Let's say we want to do some telemetry, and want the mean and standard deviation of each activations in the model. First we can do it manually like this:


In [ ]:
class SequentialModel(nn.Module):
    def __init__(self, *layers):
        super().__init__()
        self.layers = nn.ModuleList(layers)
        self.act_means = [[] for _ in layers]
        self.act_stds  = [[] for _ in layers]
        
    def __call__(self, x):
        for i,l in enumerate(self.layers):
            x = l(x)
            self.act_means[i].append(x.data.mean())
            self.act_stds [i].append(x.data.std ())
        return x
    
    def __iter__(self): return iter(self.layers)

In [ ]:
model =  SequentialModel(*get_cnn_layers(data, nfs))
learn,run = get_runner(model, data, lr=0.9, cbs=cbfs)

In [ ]:
run.fit(2, learn)


train: [2.11050140625, tensor(0.2425, device='cuda:0')]
valid: [1.2921490234375, tensor(0.5014, device='cuda:0')]
train: [0.6482396875, tensor(0.7932, device='cuda:0')]
valid: [0.18447919921875, tensor(0.9439, device='cuda:0')]

Now we can have a look at the means and stds of the activations at the beginning of training.


In [ ]:
for l in model.act_means: plt.plot(l)
plt.legend(range(6));



In [ ]:
for l in model.act_stds: plt.plot(l)
plt.legend(range(6));



In [ ]:
for l in model.act_means: plt.plot(l[:10])
plt.legend(range(6));



In [ ]:
for l in model.act_stds: plt.plot(l[:10])
plt.legend(range(6));


Pytorch hooks

Hooks are PyTorch object you can add to any nn.Module. A hook will be called when a layer, it is registered to, is executed during the forward pass (forward hook) or the backward pass (backward hook).

Hooks don't require us to rewrite the model.


In [ ]:
model = get_cnn_model(data, nfs)
learn,run = get_runner(model, data, lr=0.5, cbs=cbfs)

In [ ]:
act_means = [[] for _ in model]
act_stds  = [[] for _ in model]

A hook is attached to a layer, and needs to have a function that takes three arguments: module, input, output.

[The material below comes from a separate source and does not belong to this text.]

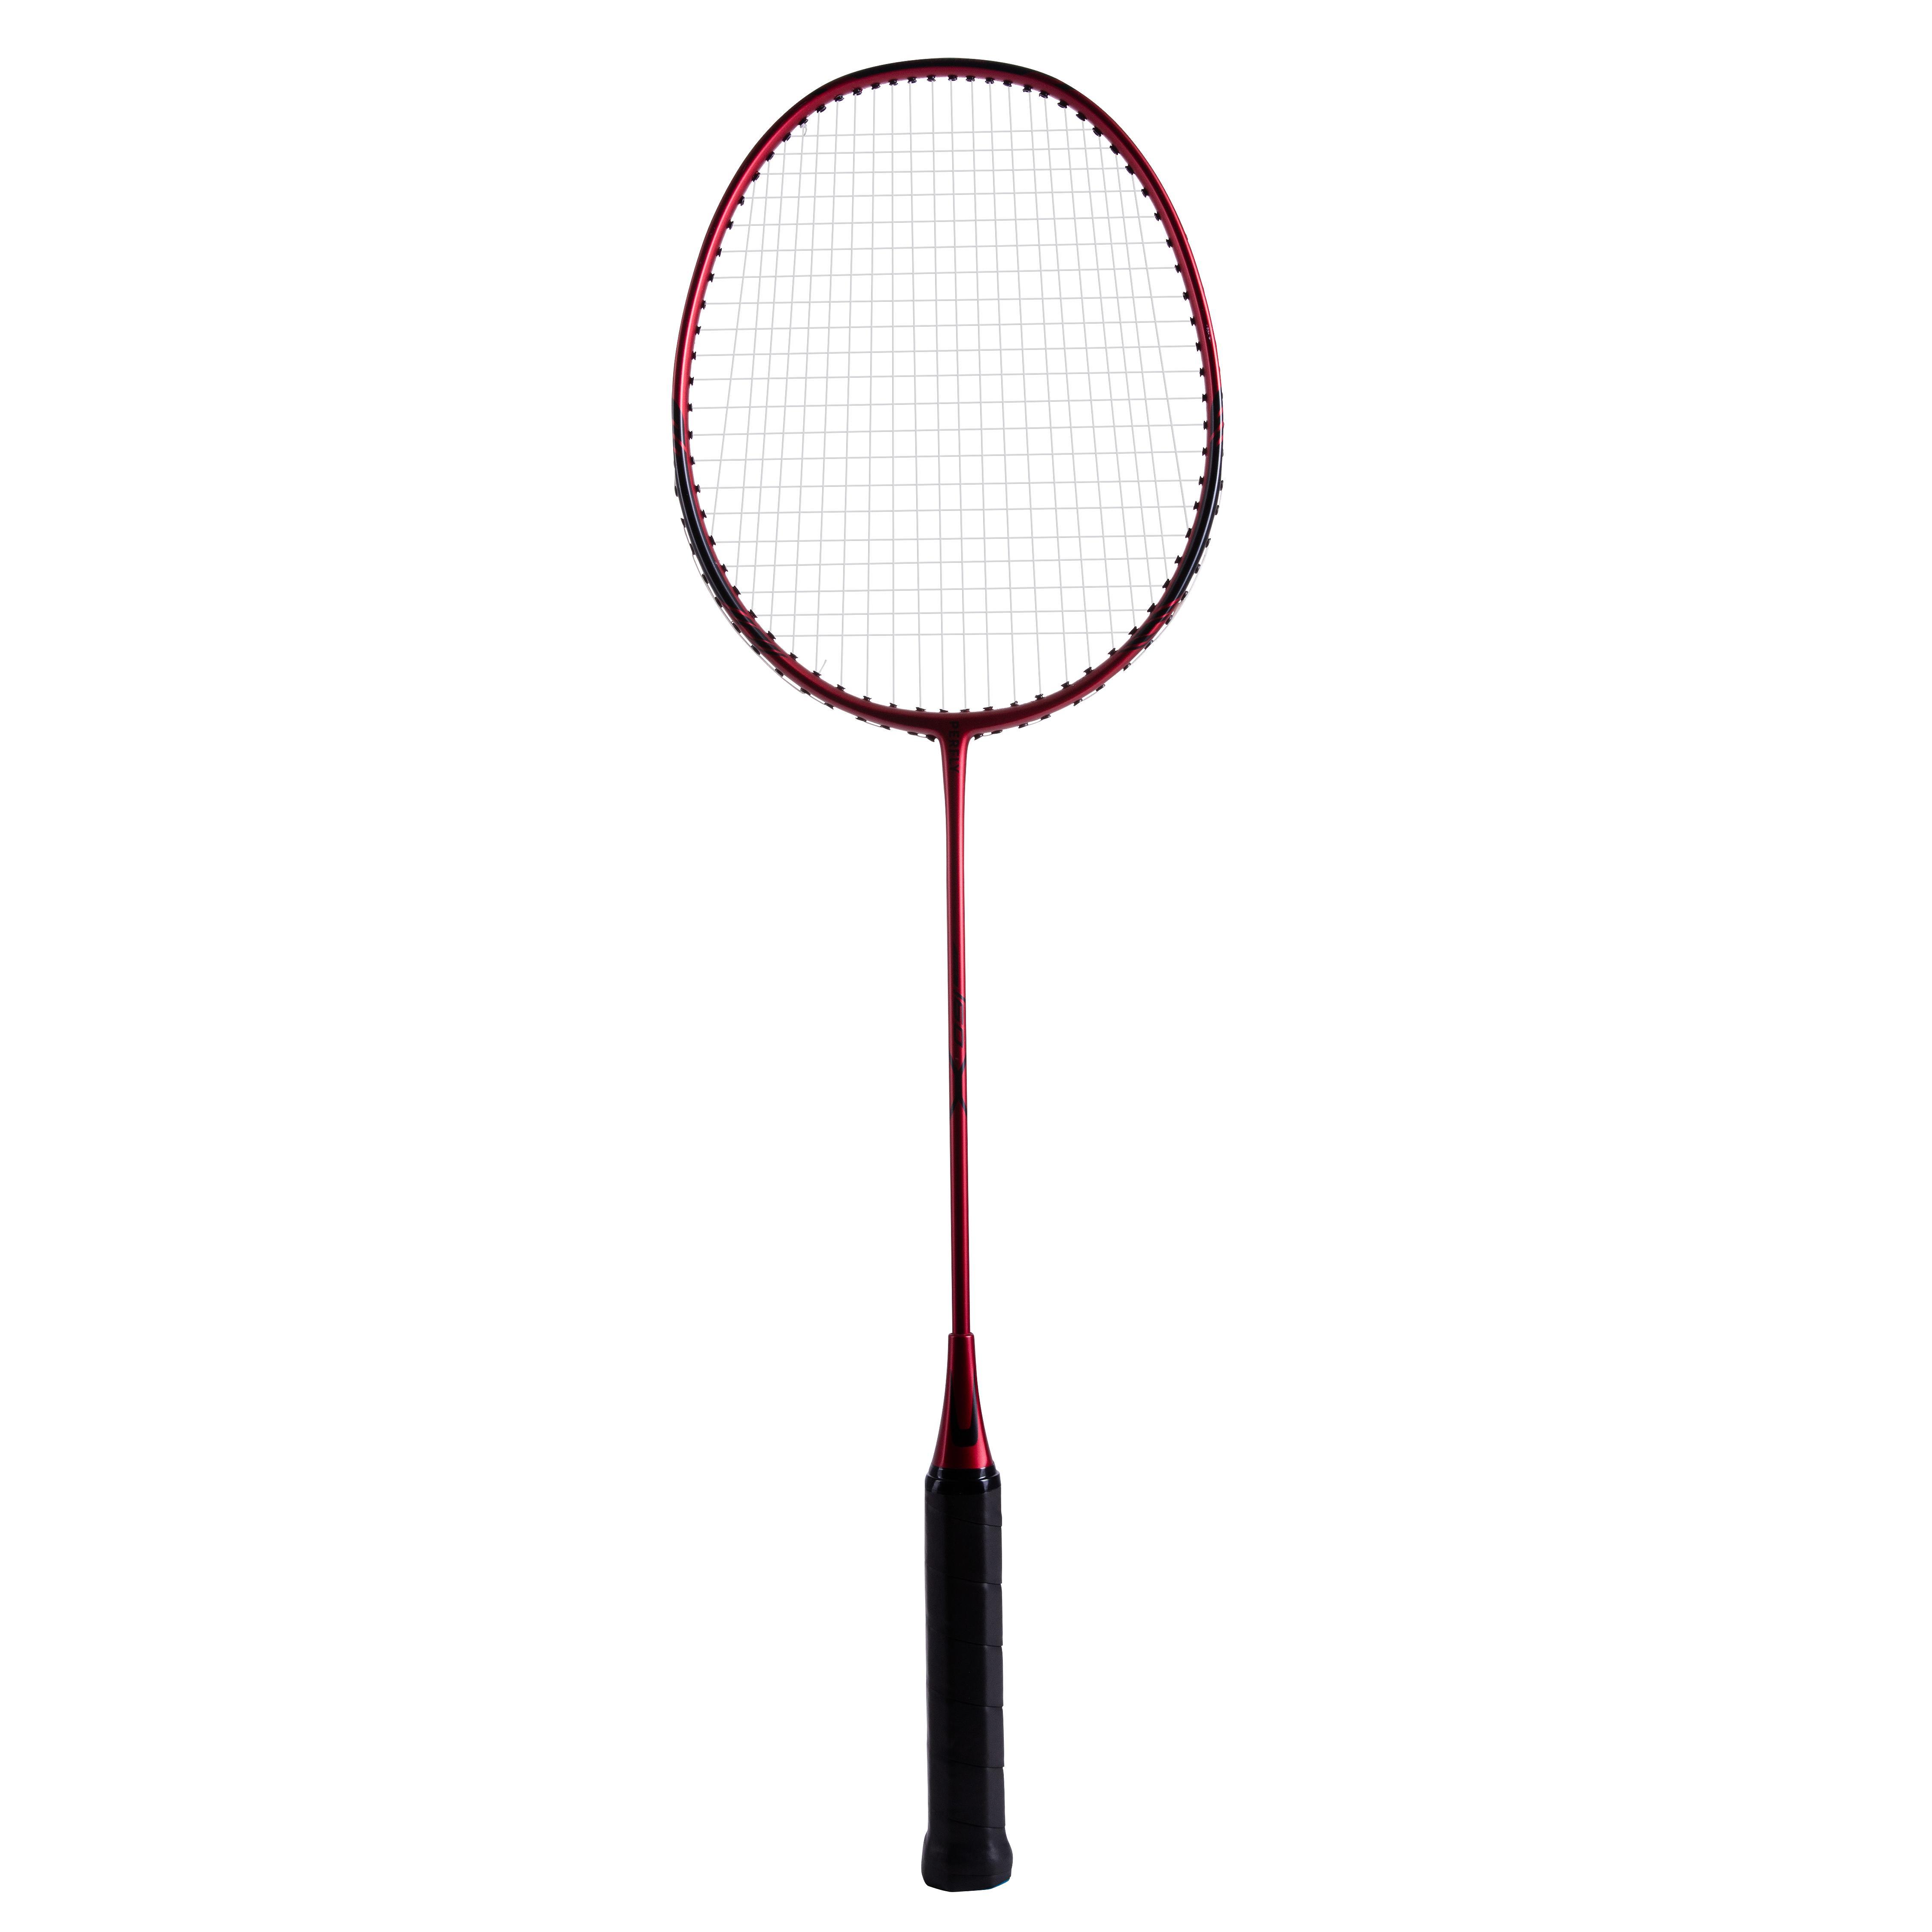 Perfly Raquette De Badminton Adulte BR 160 - Rouge Foncé - Perfly

Here we store the mean and std of the output in the correct position of our list.


In [ ]:
def append_stats(i, mod, inp, outp):
    act_means[i].append(outp.data.mean())
    act_stds [i].append(outp.data.std())

In [ ]:
for i,m in enumerate(model): m.register_forward_hook(partial(append_stats, i))

In [ ]:
run.fit(1, learn)


train: [2.2561553125, tensor(0.1835, device='cuda:0')]
valid: [2.00057578125, tensor(0.3186, device='cuda:0')]

In [ ]:
for o in act_means: plt.plot(o)
plt.legend(range(5));


Hook class

We can refactor this in a Hook class. It's very important to remove the hooks when they are deleted, otherwise there will be references kept and the memory won't be properly released when your model is deleted.


In [ ]:
#export
def children(m): return list(m.children())

class Hook():
    def __init__(self, m, f): self.hook = m.register_forward_hook(partial(f, self))
    def remove(self): self.hook.remove()
    def __del__(self): self.remove()

def append_stats(hook, mod, inp, outp):
    if not hasattr(hook,'stats'): hook.stats = ([],[])
    means,stds = hook.stats
    means.append(outp.data.mean())
    stds .append(outp.data.std())

NB: In fastai we use a bool param to choose whether to make it a forward or backward hook. In the above version we're only supporting forward hooks.


In [ ]:
model = get_cnn_model(data, nfs)
learn,run = get_runner(model, data, lr=0.5, cbs=cbfs)

In [ ]:
hooks = [Hook(l, append_stats) for l in children(model[:4])]

In [ ]:
run.fit(1, learn)


train: [1.62387, tensor(0.4400, device='cuda:0')]
valid: [0.89751240234375, tensor(0.7350, device='cuda:0')]

In [ ]:
for h in hooks:
    plt.plot(h.stats[0])
    h.remove()
plt.legend(range(4));


A Hooks class

Let's design our own class that can contain a list of objects. It will behave a bit like a numpy array in the sense that we can index into it via:

  • a single index
  • a slice (like 1:5)
  • a list of indices
  • a mask of indices ([True,False,False,True,...])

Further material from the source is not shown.